> [Task]: From the records below, print only the part that opens with the line containing "Profil Voiture Electrique" and closes with the line containing "Samuel Samson, seine"; omit the pictures.

> [Listed records]:
Segment Open
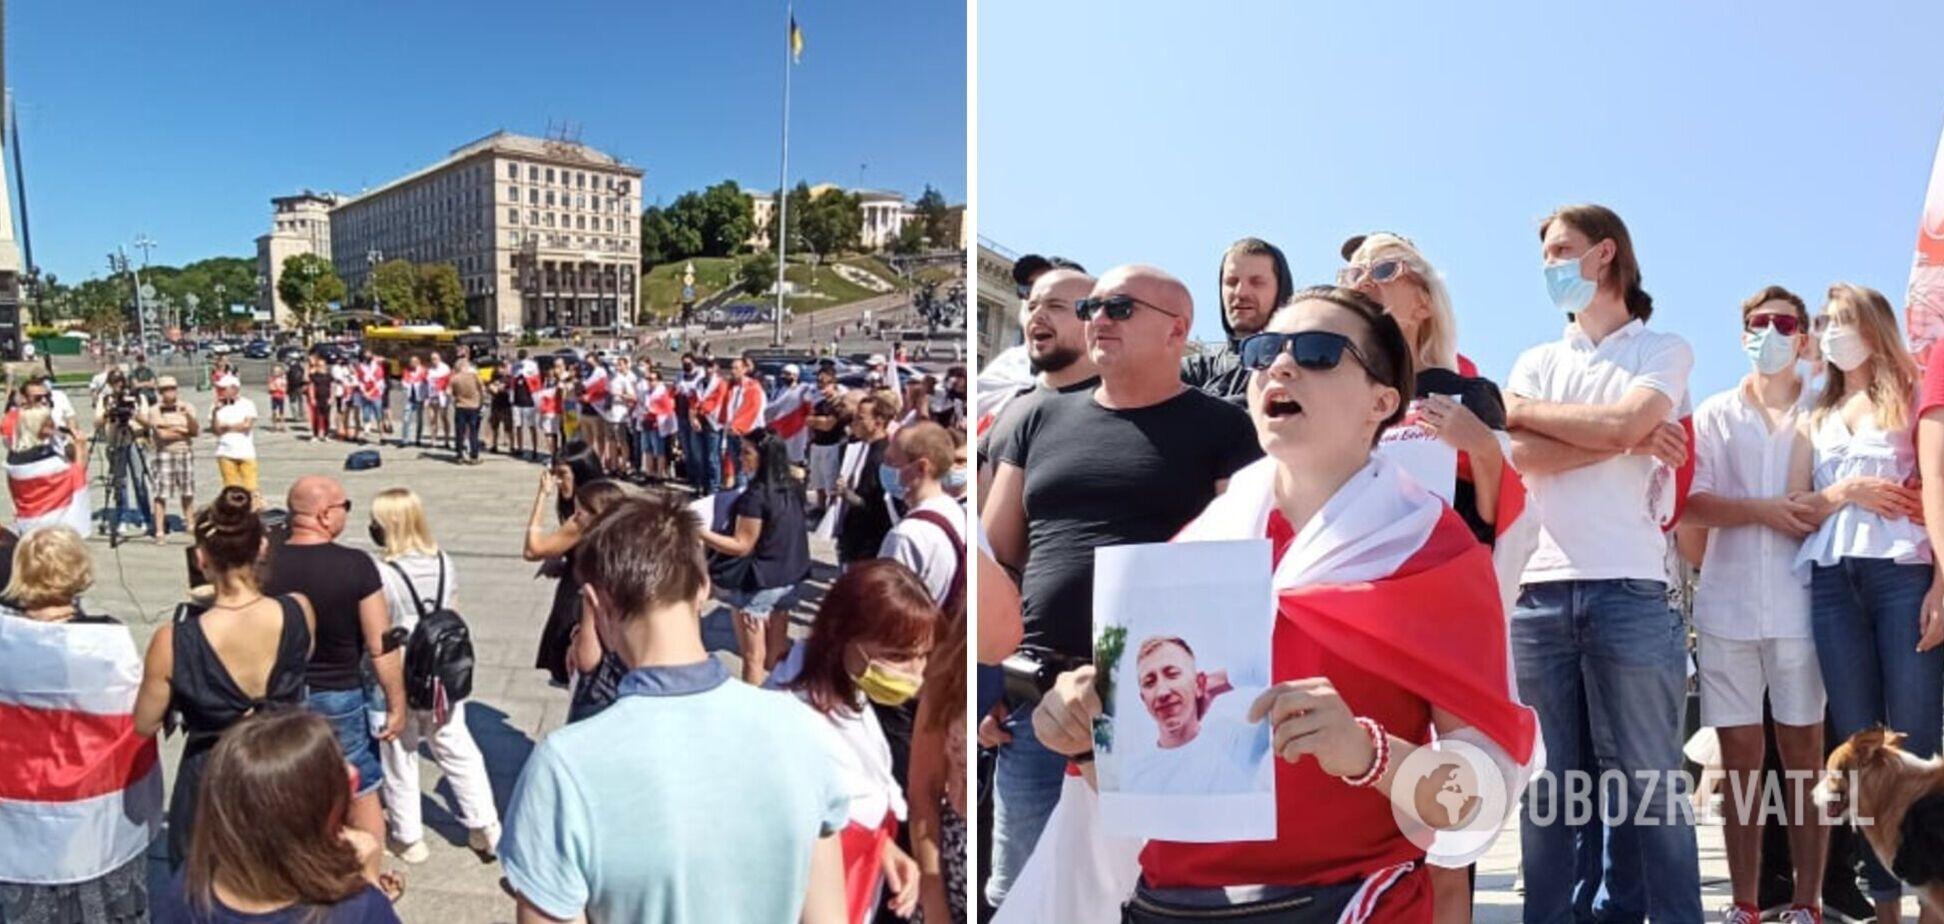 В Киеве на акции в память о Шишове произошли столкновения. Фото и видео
Segment Closed
Segment Open
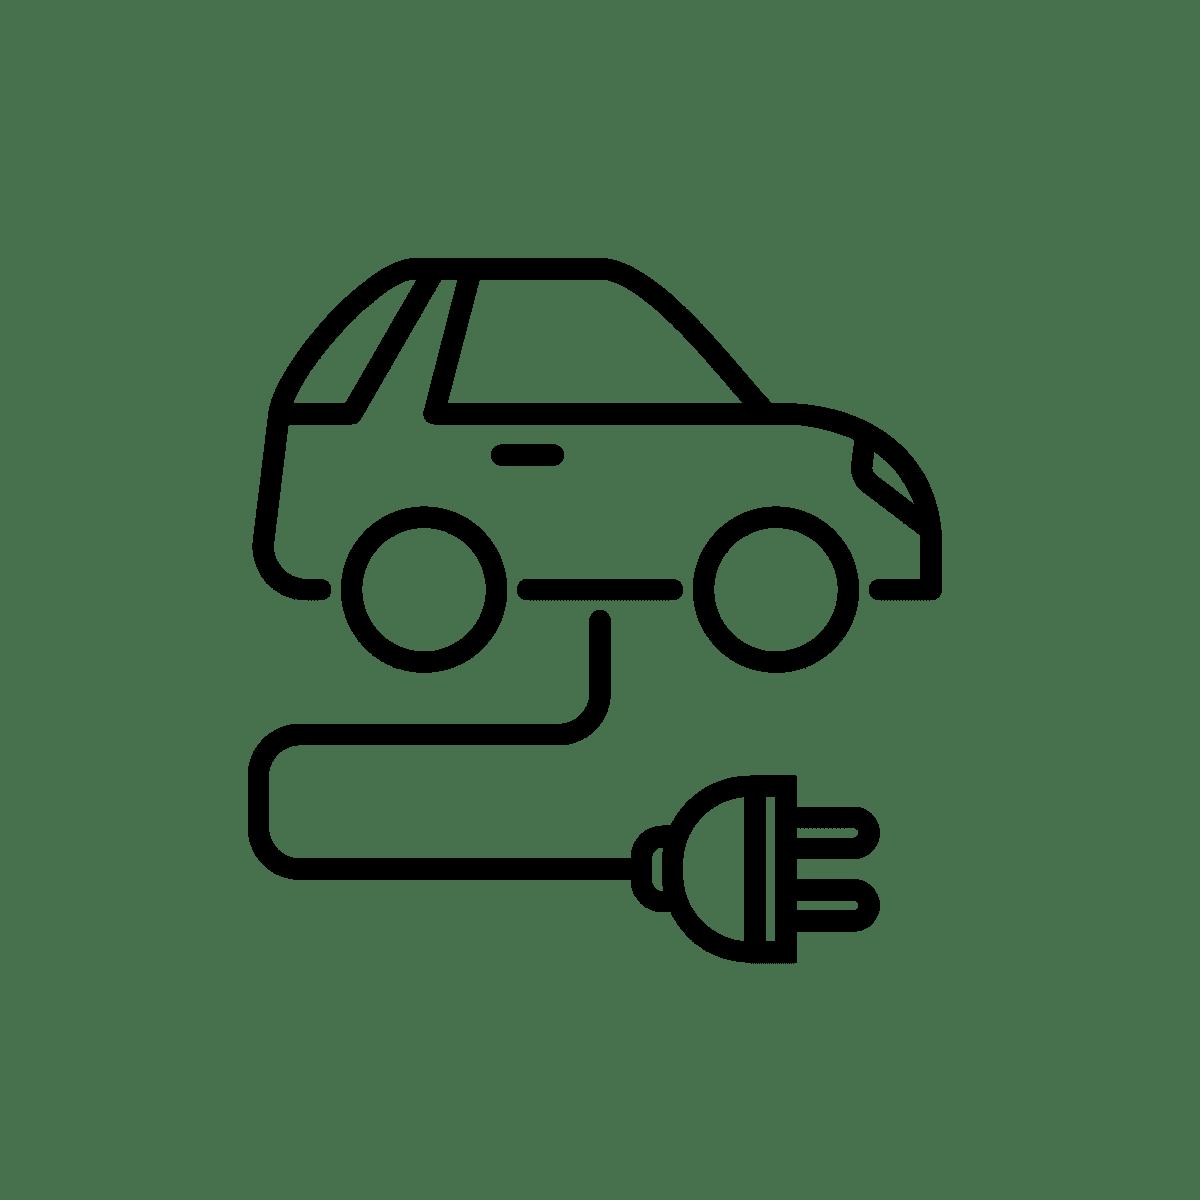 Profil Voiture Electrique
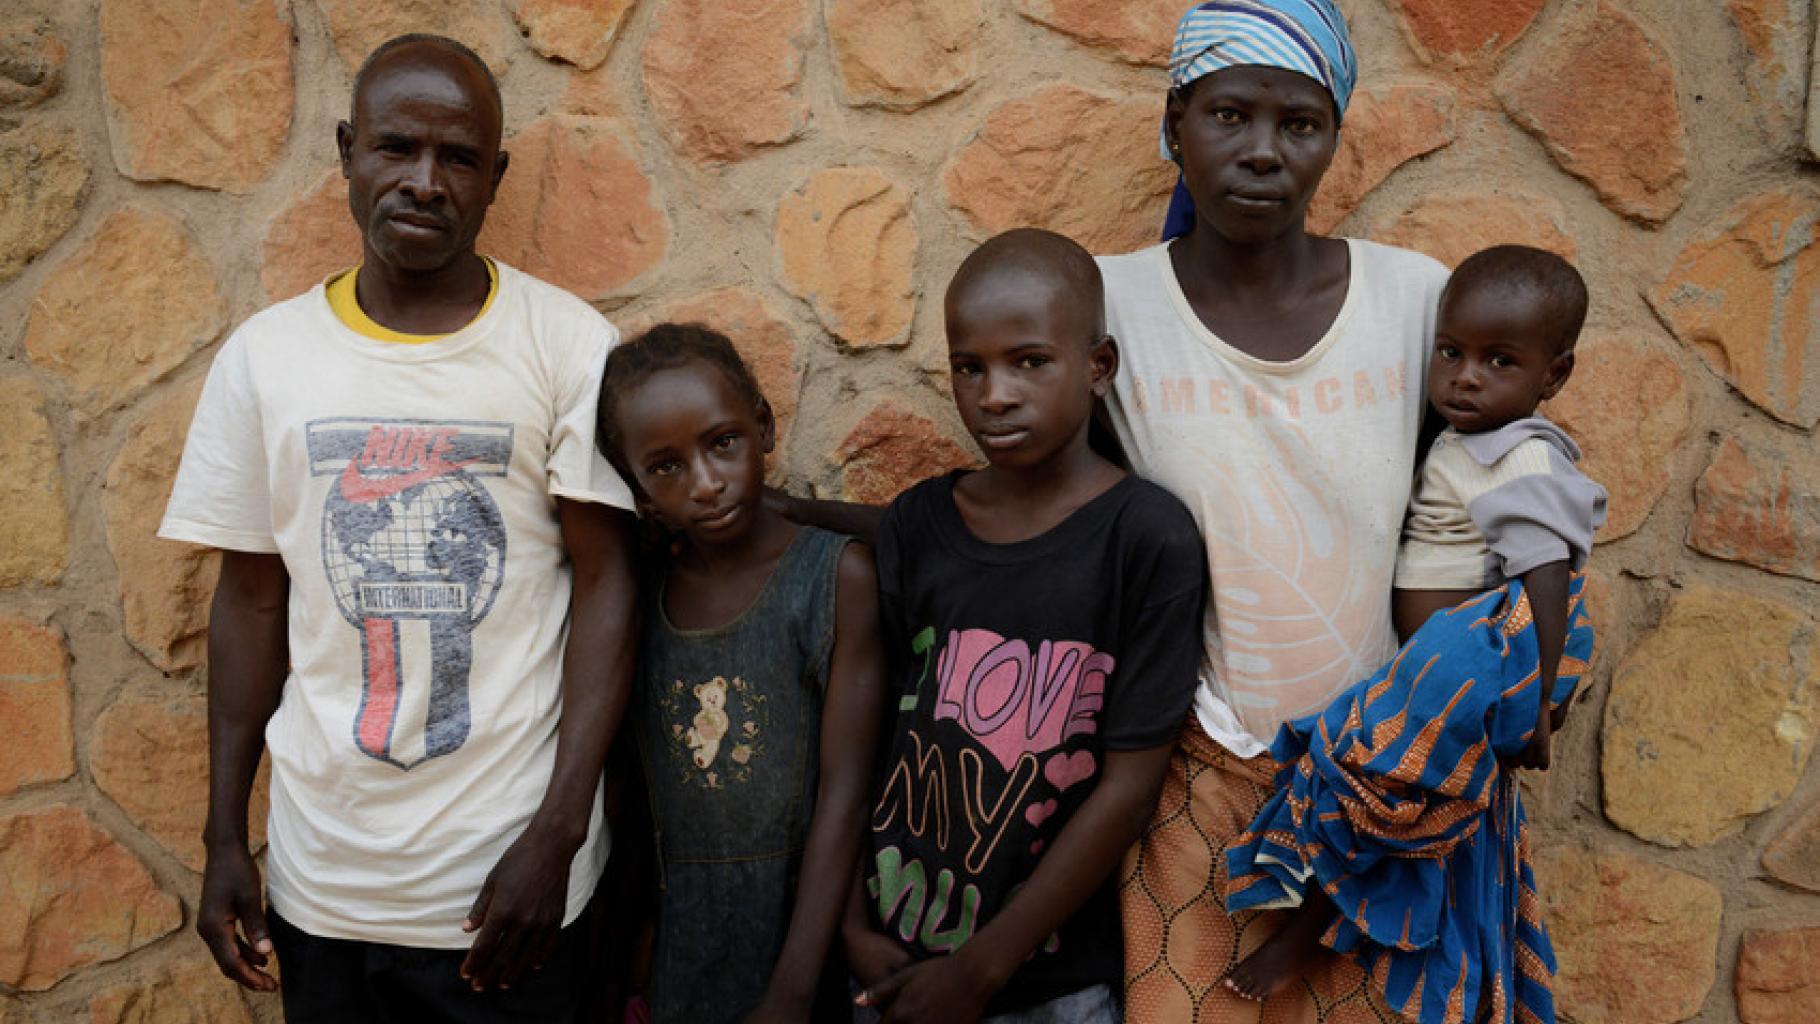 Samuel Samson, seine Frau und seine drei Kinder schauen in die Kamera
Segment Closed
> [Exercise output]:
 Profil Voiture Electrique
 Samuel Samson, seine Frau und seine drei Kinder schauen in die Kamera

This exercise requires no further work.